21. As there is serious dispute between the parties whether books of account were produced before the ld AO or not, both the parties readily agreed that if the books of account are produced before the ld AO, issue may be looked at from the point of view of the decision of the Hon’ble High Court in assessee’s own case provided the other facts or any defects are not found in those accounts. Needless to say that the issue is squarely covered in favour of the assessee if the addition has only legs to stand is the qualification of the auditor. Furthermore, the quantitative difference harped upon by the learned assessing officer is also with respect to the letter submitted by the assessee and the tax audit report. Therefore, to find out the quantitative difference also with respect to Raw materials and other materials it is necessary to examine the books of accounts of the assessee. In the present case, the whole addition is made by applying the provision of section 145(3) of the Act. The provisions of Section 145 (3) can only be applied if the assessing officer is not satisfied about the correctness or completeness of accounts of the assessee primarily. Therefore, even without examination of the books of accounts of the assessee which assessee has not produced despite called for by the assessing officer, application of the provisions of Section 145 (3) is premature.

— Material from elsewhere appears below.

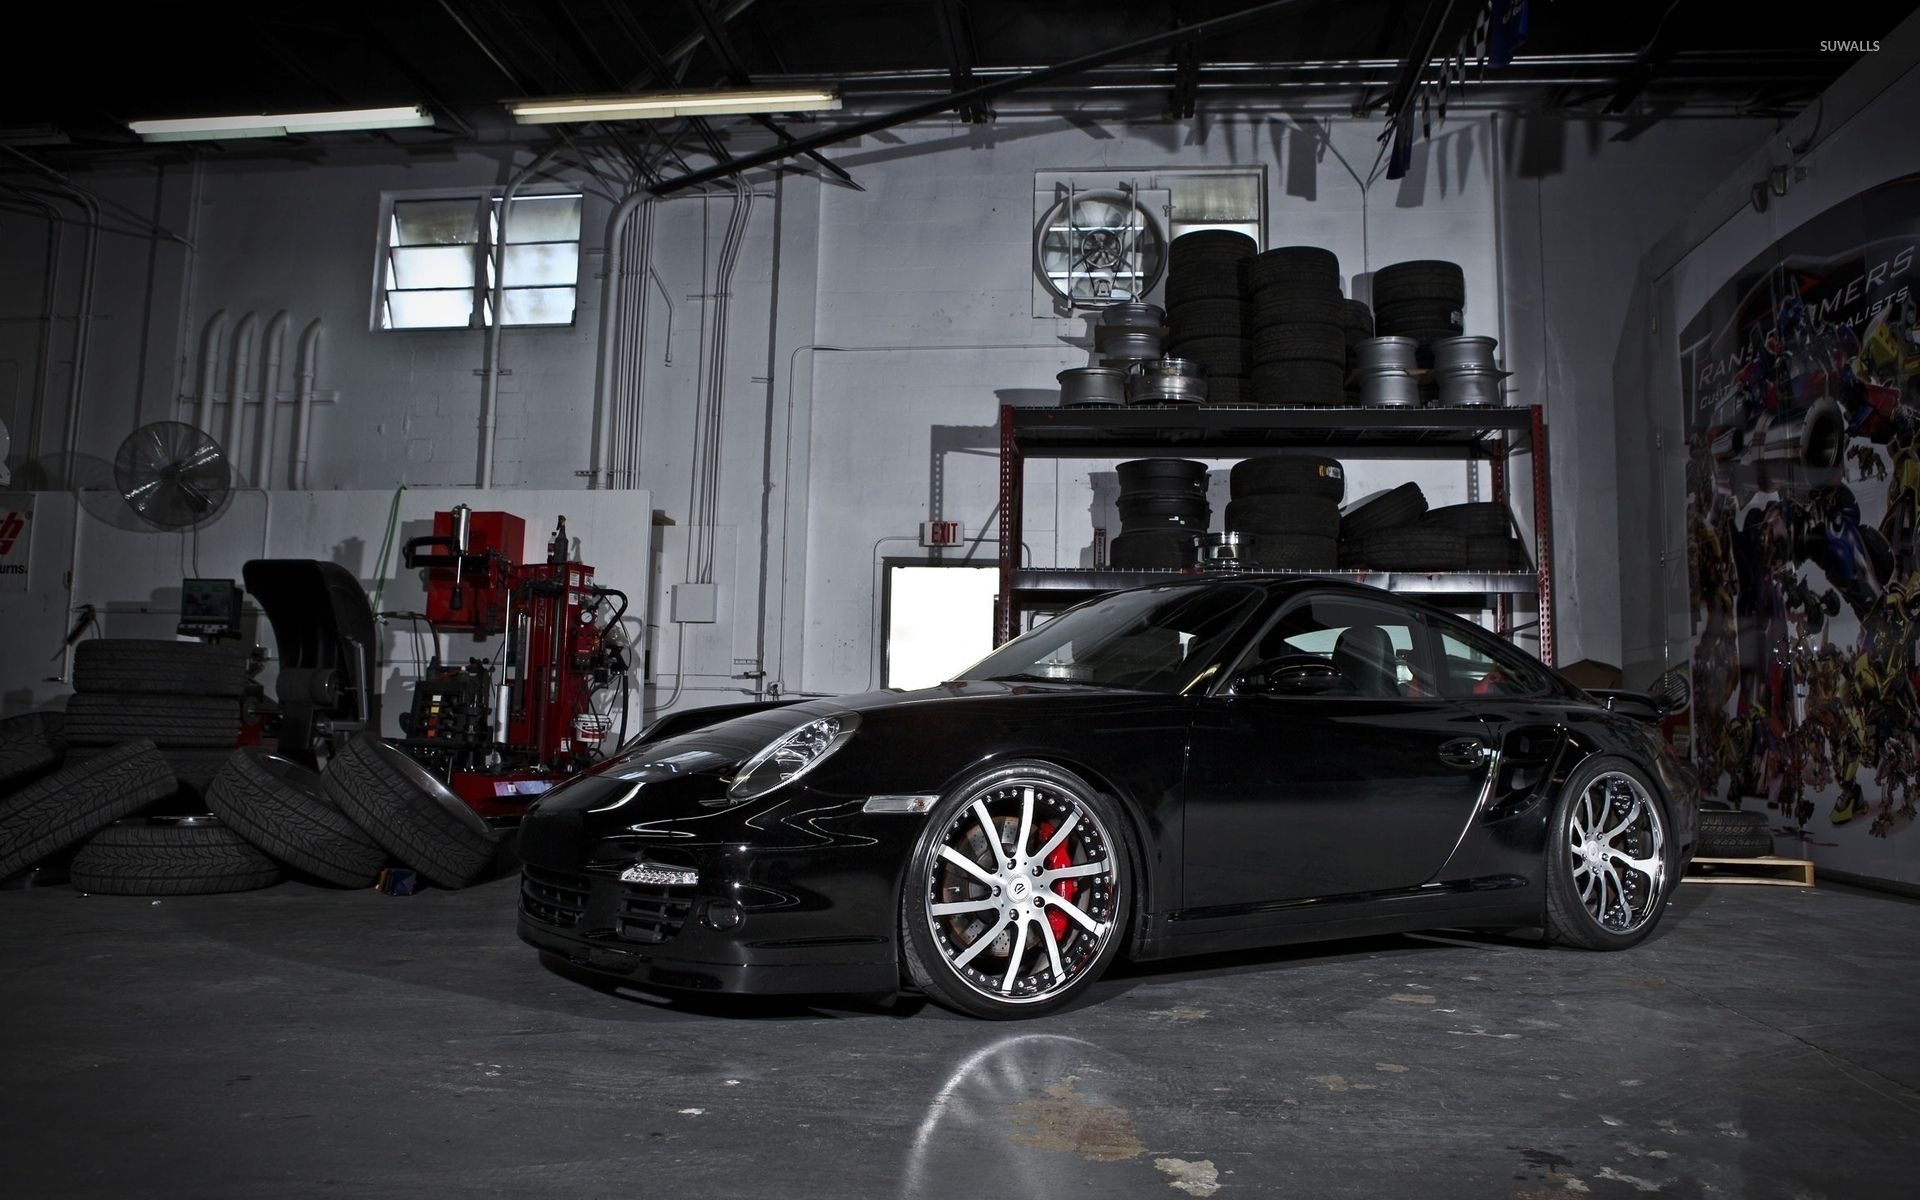 Black 2011 Porsche 911 Carrera in a garage wallpaper wallpaper
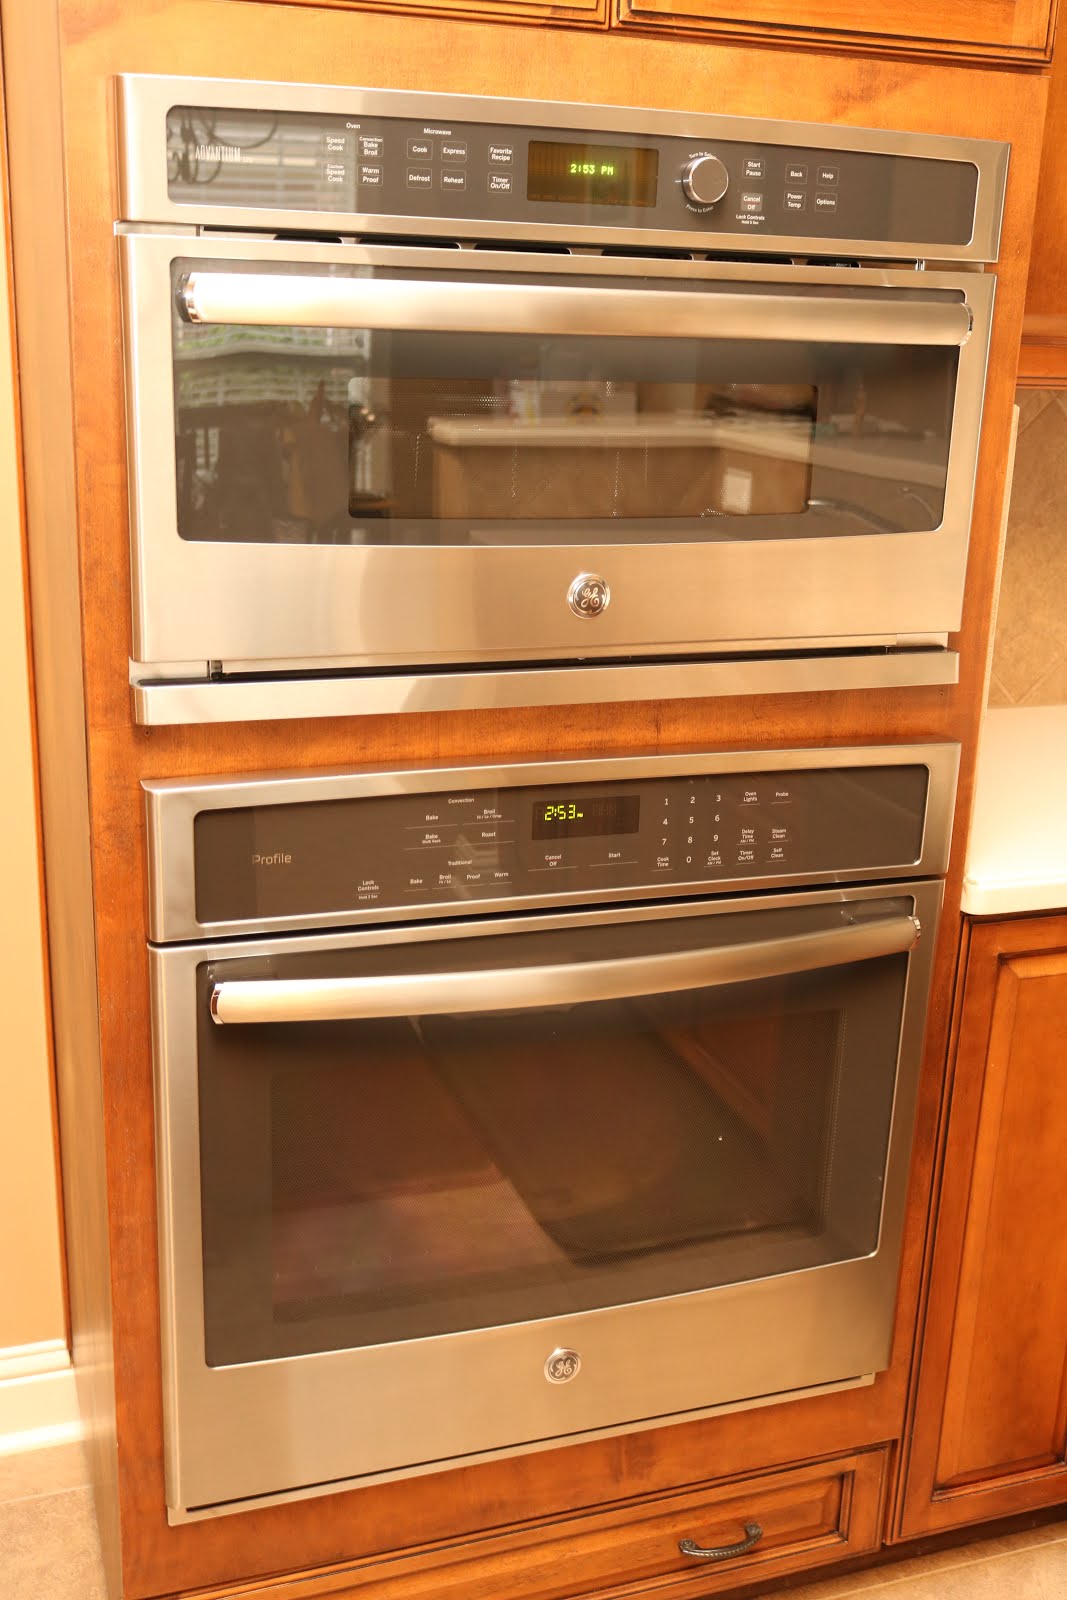 New Premium Double Ovens; GE Profile Oven & Advantium 4-in-one microwave/oven

Therefore, as the learned authorised representative has agreed to produce the books of accounts before the assessing officer and the learned DR has also expressed his willingness on behalf of the learned assessing officer to examine it, therefore, in the interest of justice, we set aside the whole issue back to the file of the ld AO with a direction to the assessee to produce books of accounts and vouchers before him for examination. The ld AO is also directed to examine it and then decide the issue, following the order of the Hon’ble Delhi High Court as far as it relates to valuation, and decide the issue on merits with respect to the other grounds. The assessee is directed to produce the books of account before the ld AO within 120 days from the date of this order by taking prior appointment of the ld AO. The assessing officer is directed to pass the order in the name of Dr. Oetker India Pvt. Ltd. Accordingly, ground No. 2 to 7 of the appeal are set aside to the file of the ld AO.
22. In the result, the appeal of assessee is partly allowed.
Order pronounced in the open court on 23 /07/2020.